• Problem requirements:
After reading the entries below, report how many lines have the string "Dress" in them, giving the number alone.

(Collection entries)
Content starts

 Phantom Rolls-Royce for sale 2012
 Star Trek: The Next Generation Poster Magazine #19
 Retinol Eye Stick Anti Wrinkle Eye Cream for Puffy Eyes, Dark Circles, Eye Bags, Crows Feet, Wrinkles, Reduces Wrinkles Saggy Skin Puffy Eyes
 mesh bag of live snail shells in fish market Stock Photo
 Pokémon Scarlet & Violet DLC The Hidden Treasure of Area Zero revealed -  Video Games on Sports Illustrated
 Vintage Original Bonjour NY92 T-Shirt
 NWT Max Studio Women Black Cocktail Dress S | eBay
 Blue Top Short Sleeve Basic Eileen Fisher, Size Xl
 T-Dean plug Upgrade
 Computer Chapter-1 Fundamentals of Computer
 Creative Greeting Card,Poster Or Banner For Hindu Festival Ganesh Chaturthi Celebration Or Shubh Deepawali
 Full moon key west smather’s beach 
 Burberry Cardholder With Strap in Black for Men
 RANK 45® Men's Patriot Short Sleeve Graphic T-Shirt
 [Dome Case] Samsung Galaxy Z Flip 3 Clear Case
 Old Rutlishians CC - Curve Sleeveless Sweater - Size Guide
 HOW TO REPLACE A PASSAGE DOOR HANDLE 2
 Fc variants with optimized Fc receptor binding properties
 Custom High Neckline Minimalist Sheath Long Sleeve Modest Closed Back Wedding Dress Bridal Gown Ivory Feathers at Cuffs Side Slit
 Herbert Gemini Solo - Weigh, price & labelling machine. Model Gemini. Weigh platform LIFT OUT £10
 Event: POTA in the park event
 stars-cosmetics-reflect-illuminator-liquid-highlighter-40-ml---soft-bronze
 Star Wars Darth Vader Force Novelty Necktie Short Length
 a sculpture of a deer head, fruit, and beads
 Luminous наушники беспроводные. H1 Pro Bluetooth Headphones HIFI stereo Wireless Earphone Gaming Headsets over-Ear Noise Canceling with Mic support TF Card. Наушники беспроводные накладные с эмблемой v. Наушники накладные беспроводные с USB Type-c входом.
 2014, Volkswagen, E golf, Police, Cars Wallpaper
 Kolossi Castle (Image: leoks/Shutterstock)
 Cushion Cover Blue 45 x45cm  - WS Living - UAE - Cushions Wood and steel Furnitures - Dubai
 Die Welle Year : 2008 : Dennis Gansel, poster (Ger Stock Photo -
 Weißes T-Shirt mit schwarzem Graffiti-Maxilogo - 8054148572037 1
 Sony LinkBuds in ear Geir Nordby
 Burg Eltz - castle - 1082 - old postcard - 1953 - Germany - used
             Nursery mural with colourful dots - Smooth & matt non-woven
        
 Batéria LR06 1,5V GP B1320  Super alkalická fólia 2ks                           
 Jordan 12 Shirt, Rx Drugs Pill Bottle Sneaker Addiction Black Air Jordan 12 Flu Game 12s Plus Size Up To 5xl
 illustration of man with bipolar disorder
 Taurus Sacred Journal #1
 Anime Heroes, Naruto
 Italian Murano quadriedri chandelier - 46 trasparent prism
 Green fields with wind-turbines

Content ends

• Solved exercise:
2